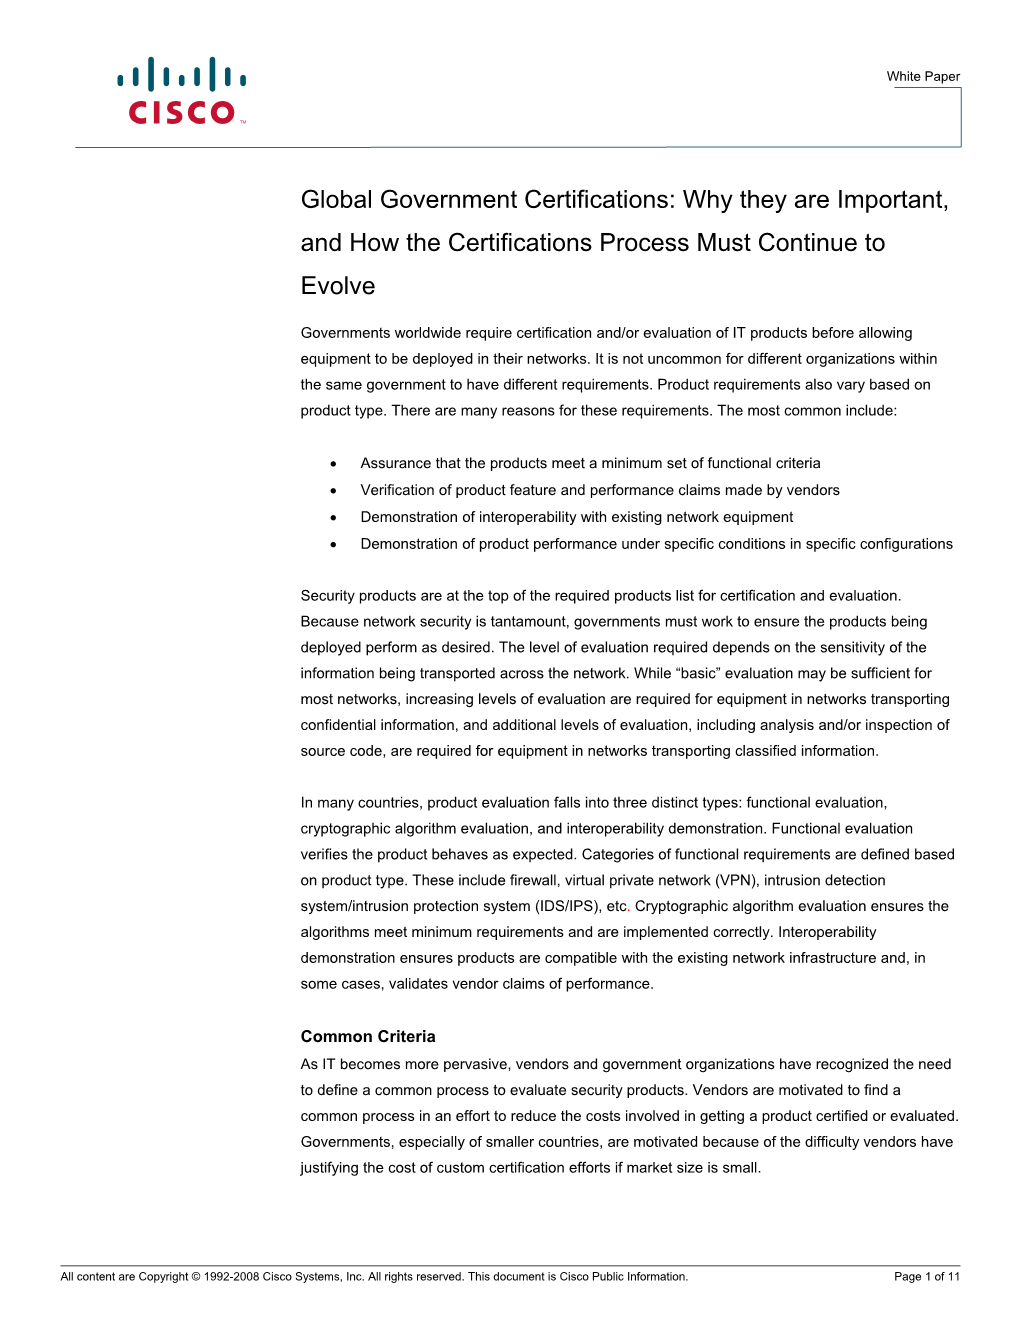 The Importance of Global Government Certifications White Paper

===============

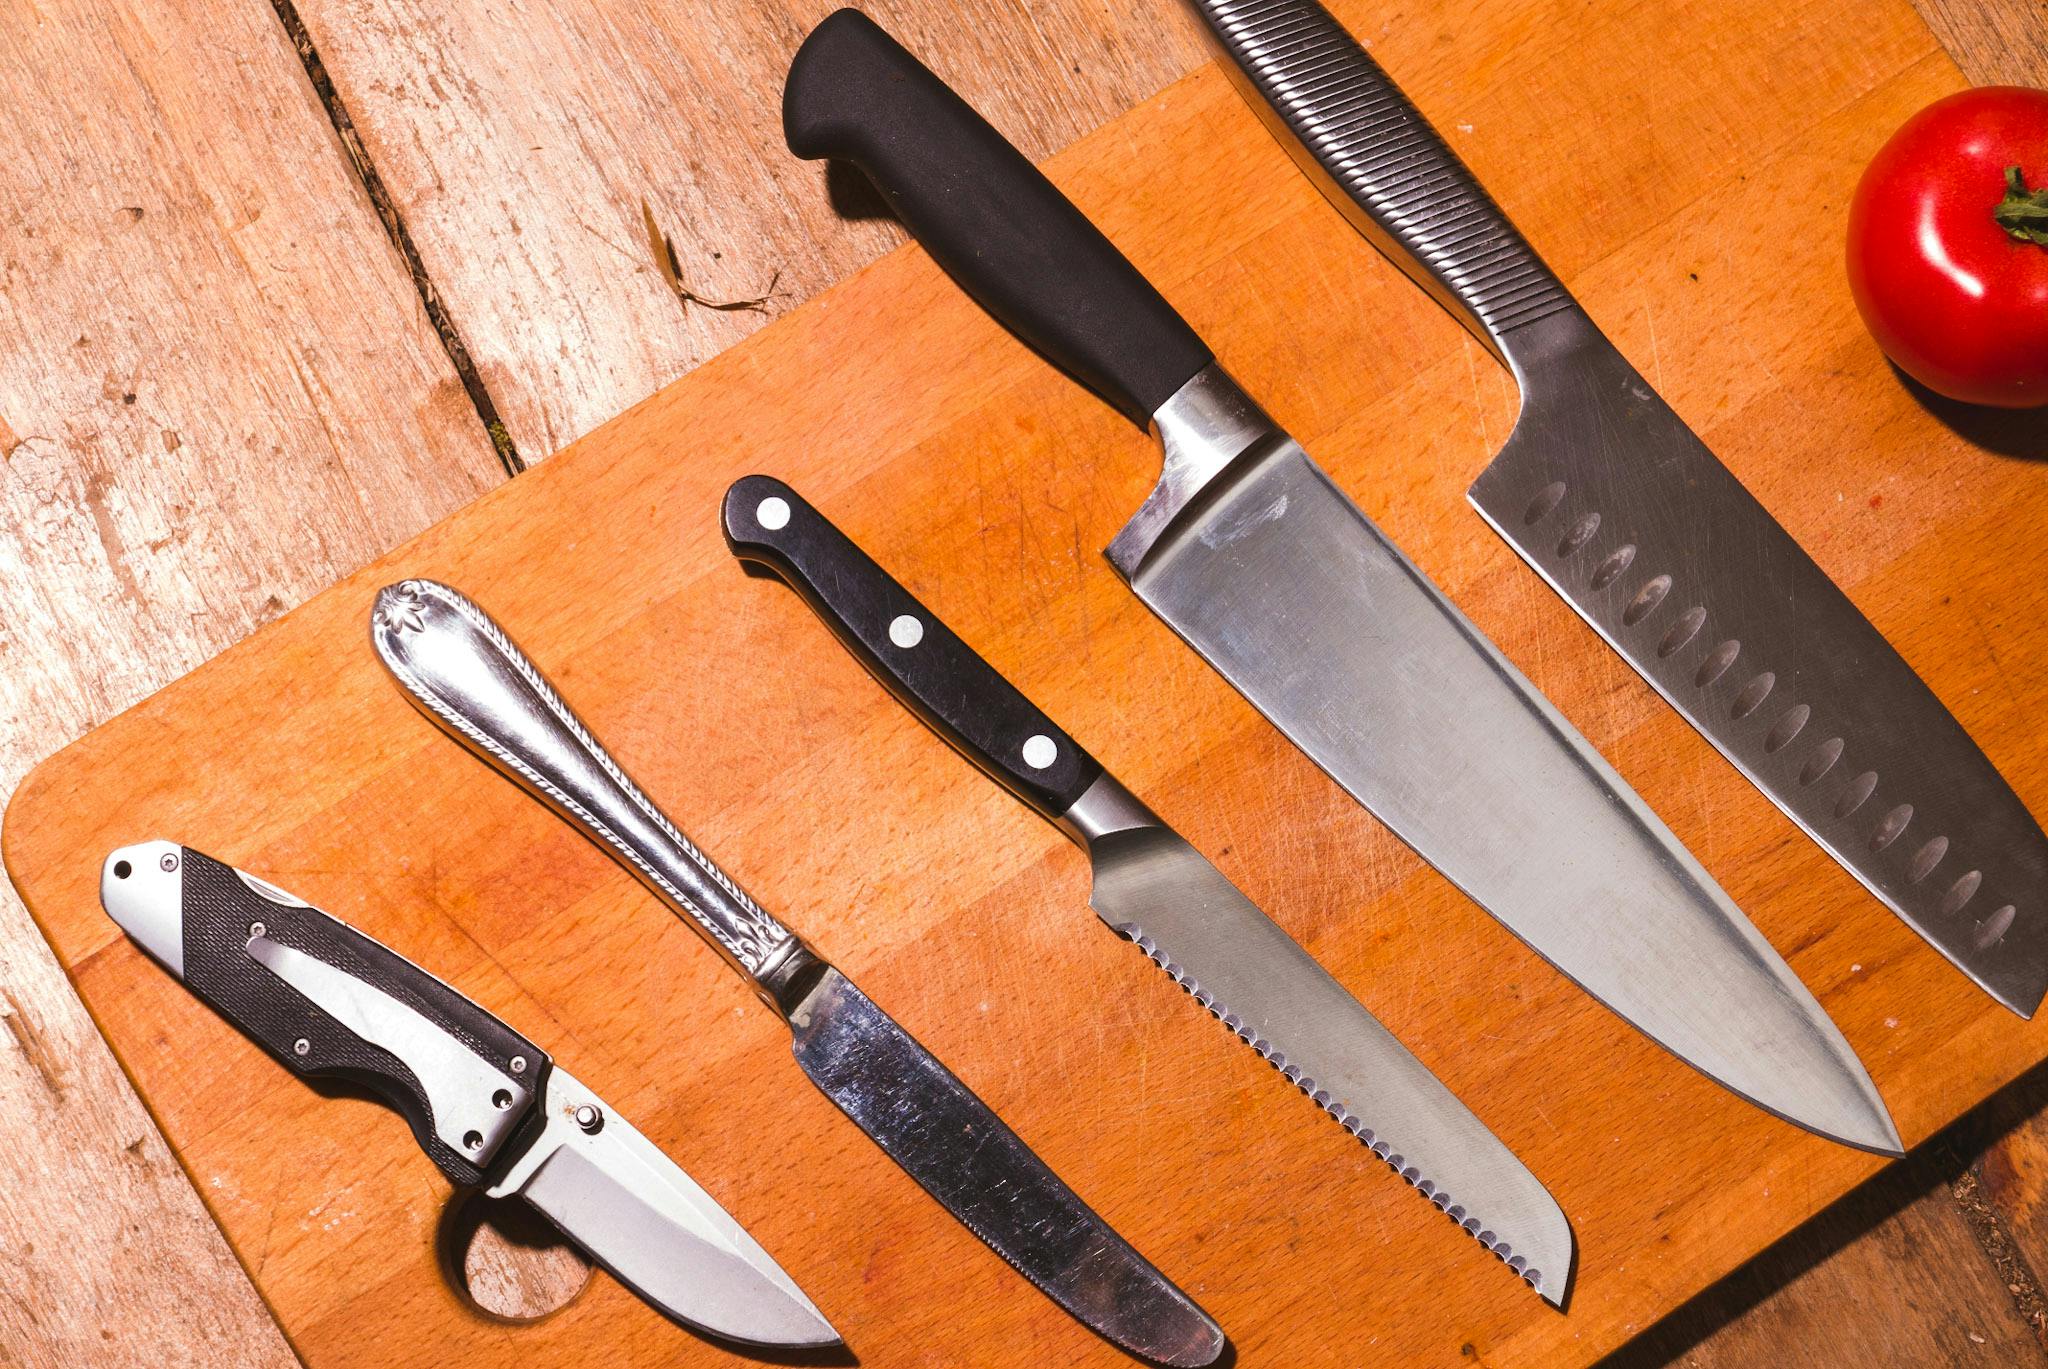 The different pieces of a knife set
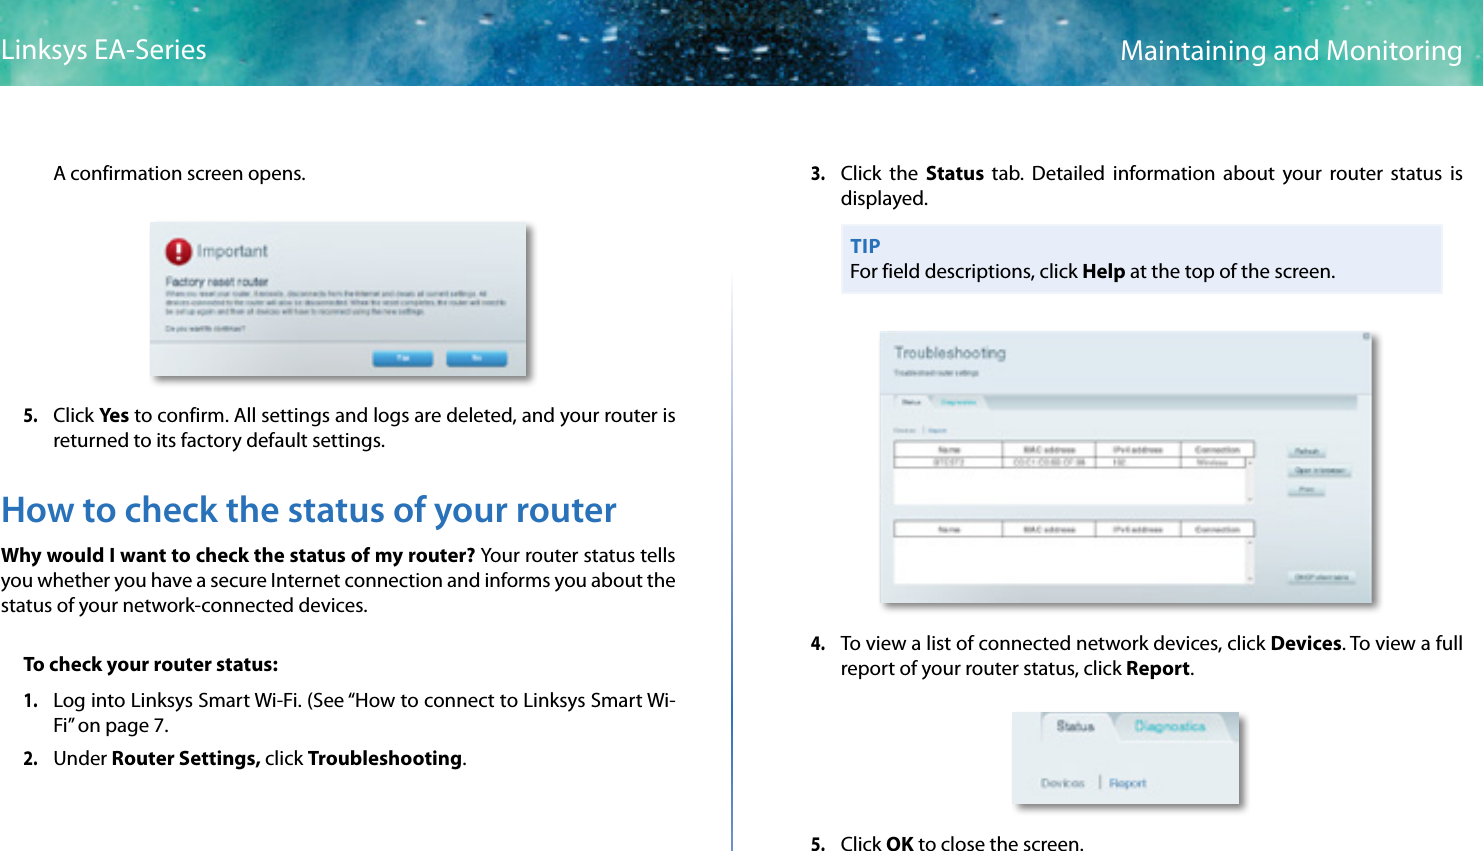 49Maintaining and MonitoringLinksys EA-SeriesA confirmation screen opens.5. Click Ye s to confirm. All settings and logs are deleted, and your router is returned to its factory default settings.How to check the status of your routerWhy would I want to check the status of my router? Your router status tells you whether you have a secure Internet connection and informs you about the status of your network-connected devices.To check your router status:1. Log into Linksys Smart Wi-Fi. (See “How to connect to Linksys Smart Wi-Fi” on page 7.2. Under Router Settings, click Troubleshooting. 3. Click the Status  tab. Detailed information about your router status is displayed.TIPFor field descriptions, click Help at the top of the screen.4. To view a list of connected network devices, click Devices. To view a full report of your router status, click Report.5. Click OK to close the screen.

===============

◆ **What the task requires**:
Every line above from the one with "The different pieces of a knife set" down to the one with "49Maintaining and MonitoringLinksys" must be written out exactly, and no picture may appear.

◆ **Exercise result**:
 The different pieces of a knife set
 49Maintaining and MonitoringLinksys EA-SeriesA confirmation screen opens.5. Click Ye s to confirm. All settings and logs are deleted, and your router is returned to its factory default settings.How to check the status of your routerWhy would I want to check the status of my router? Your router status tells you whether you have a secure Internet connection and informs you about the status of your network-connected devices.To check your router status:1. Log into Linksys Smart Wi-Fi. (See “How to connect to Linksys Smart Wi-Fi” on page 7.2. Under Router Settings, click Troubleshooting. 3. Click the Status  tab. Detailed information about your router status is displayed.TIPFor field descriptions, click Help at the top of the screen.4. To view a list of connected network devices, click Devices. To view a full report of your router status, click Report.5. Click OK to close the screen.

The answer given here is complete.